API returns 'no-external-page' for existing pages with titles that look like a domain name (e.g. "ubermorgen.com" or "delocator.net")
Open, Needs TriagePublic

Description

This happens when manually trying to link from a Wikibase item to a wiki page:

  1. click 'edit' on a site link
  2. enter site, in my case 'en'
  3. on 'page', enter for example 'delocator.net'
  4. the suggester shows the existing page on the wiki, with its correct title "Delocator.net"
  5. click on the suggested title
  6. click 'save'
  7. reply from wiki api: "The specified article could not be found on the corresponding site."

POST request log:

REQUEST:

POST https://catalog.rhizome.org/api.php
Host: catalog.rhizome.org
User-Agent: Mozilla/5.0 (X11; Ubuntu; Linux x86_64; rv:35.0) Gecko/20100101 Firefox/35.0
Accept: application/json, text/javascript, */*; q=0.01
Accept-Language: en-US,en;q=0.5
Accept-Encoding: gzip, deflate
Content-Type: application/x-www-form-urlencoded; charset=UTF-8
X-Requested-With: XMLHttpRequest
Referer: https://catalog.rhizome.org/w/Item:Q1209
Content-Length: 173
Cookie: __qca=P0-1263044144-1401371737783; _ga=GA1.2.305842596.1401371738; wikiUserID=1; wikiUserName=Dragan+Espenschied; wikiToken=1591938d54cc4b3ee6b584497e728e81; __gads=ID=1f58b5fe4b3cb56e:T=1423877704:S=ALNI_MaRjXz_nRNjCTj8XrWrQ-OLelSUJA; wiki_session=98p2gd8b7i2ec49vmluga91qj3
Connection: keep-alive
Pragma: no-cache
Cache-Control: no-cache

action=wbsetsitelink&format=json&id=Q1209&linksite=RhizomeCatalog&linktitle=Delocator%2Enet&baserevid=8660&badges=&bot=1&token=6e052b1011b386bd7e6517a3c1fc0cb054f612af%2B%5C

RESPONSE (only body):

{
    "error" : {
        "code" : "no-external-page",
        "info" : "The external client site 'RhizomeCatalog' did not provide page information for page 'Delocator.net'."
    },
    "messages" : {
        "*" : "See https://catalog.rhizome.org/api.php for API usage"
    }
}

This happens with any wiki page with a title that looks like a domain name, for example ubermorgen.com, rhizome.org, and so forth. It is no problem to create such wiki pages or label items with such a scheme.

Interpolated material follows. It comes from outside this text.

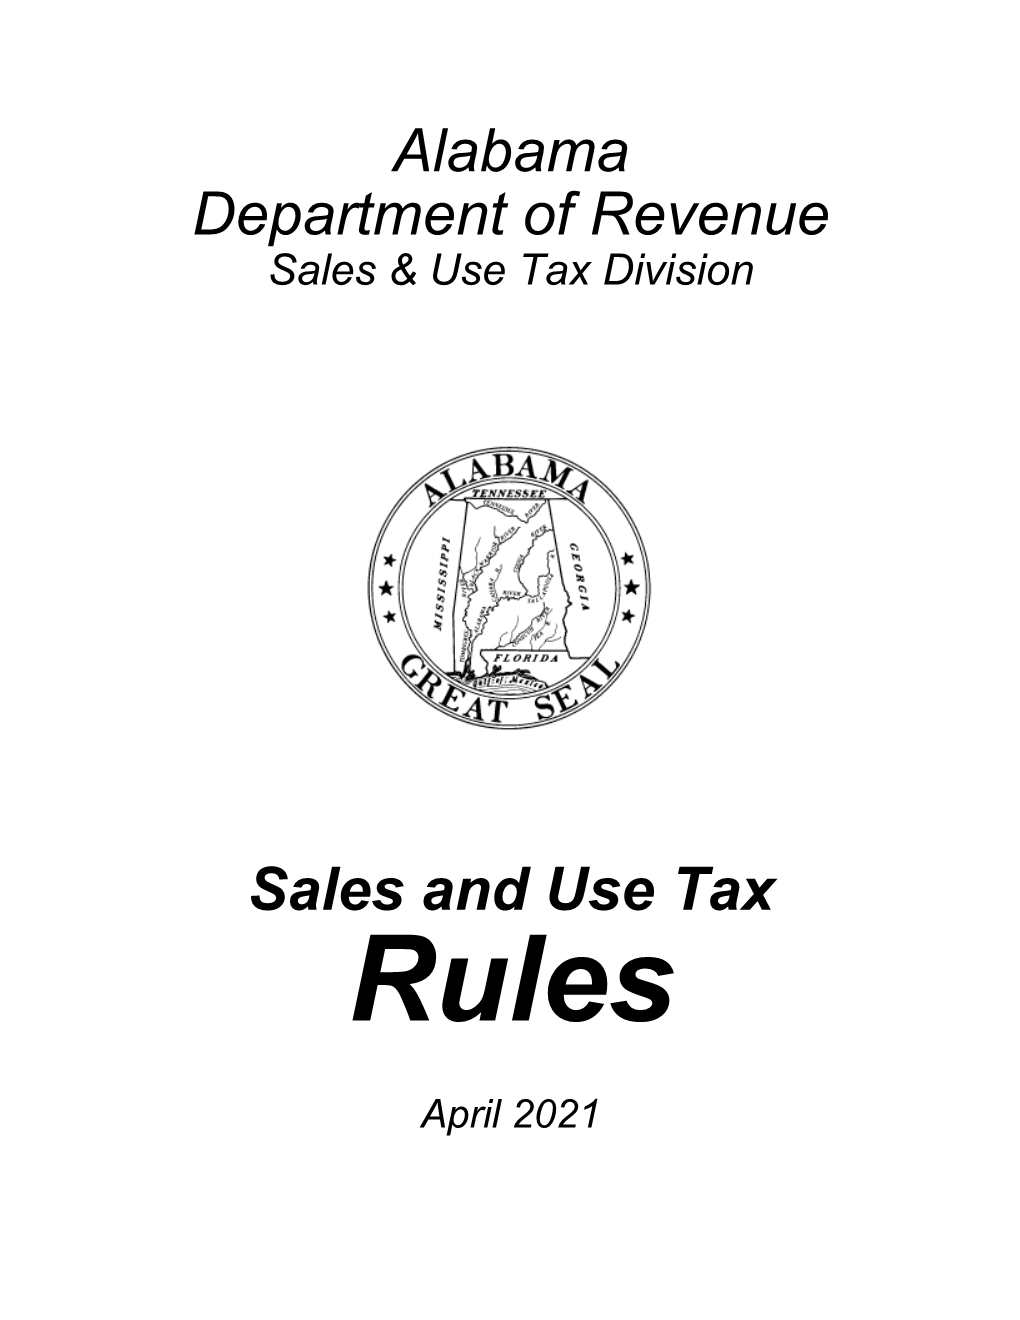 Sales and Use Tax Rules

Pywikibot is also affected, when trying to automatically set site links.

despens created this task.Mar 3 2015, 8:14 PM
despens updated the task description. (Show Details)
despens raised the priority of this task from to Needs Triage.
despens added a subscriber: despens.
Restricted Application added a subscriber: Aklapper. · View Herald TranscriptMar 3 2015, 8:14 PM

BTW, the proof that 'Delocator.net' exists as a wiki page:

GET REQUEST:

https://catalog.rhizome.org/api.php?action=query&prop=info&redirects=true&converttitles=true&titles=Delocator.net

RESPONSE:

{
    "warnings": {
        "main": {
            "*": "Unrecognized parameter: '*'"
        },
        "query": {
            "*": "Formatting of continuation data will be changing soon. To continue using the current formatting, use the 'rawcontinue' parameter. To begin using the new format, pass an empty string for 'continue' in the initial query."
        }
    },
    "query": {
        "pages": {
            "5558": {
                "pageid": 5558,
                "ns": 0,
                "title": "Delocator.net",
                "contentmodel": "wikitext",
                "pagelanguage": "en",
                "touched": "2015-03-03T19:54:33Z",
                "lastrevid": 8675,
                "length": 13,
                "new": ""
            }
        }
    }
}
XZise set Security to None.
Restricted Application added a subscriber: Unknown Object (MLST). · View Herald TranscriptMar 3 2015, 11:43 PM
despens added a comment.EditedMar 3 2015, 11:54 PM

Apparently, normalizePageName in MediaWikiSite doesn't follow redirects. MediaWikiSite writes this error log:

2015-03-03 23:42:47 catalog wiki: call to <//catalog.rhizome.org/api.php?action=query&prop=info&redirects=1&converttitles=1&format=json&titles=Delocator.net> returned bad json: <html>
<head>
<title>Security redirect</title>
</head>
<body>
<h1>Security redirect</h1>
<p>
We can't serve non-HTML content from the URL you have requested, because
Internet Explorer would interpret it as an incorrect and potentially dangerous
content type.</p>
<p>Instead, please use <a href="https://catalog.rhizome.org/api.php?action=query&amp;prop=info&amp;redirects=1&amp;converttitles=1&amp;format=json&amp;titles=Delocator.net&amp;*">this URL</a>, which is the same as the
URL you have requested, except that "&amp;*" is appended. This prevents Internet
Explorer from seeing a bogus file extension.
</p>
</body>
</html>

When appending &amp;* to the original API request in includes/site/MediaWikiSite.php:136, like this:

$url = wfAppendQuery( $this->getFileUrl( 'api.php' ), $args ). '&amp;*';

the request works and normalizePageName returns a valid page name.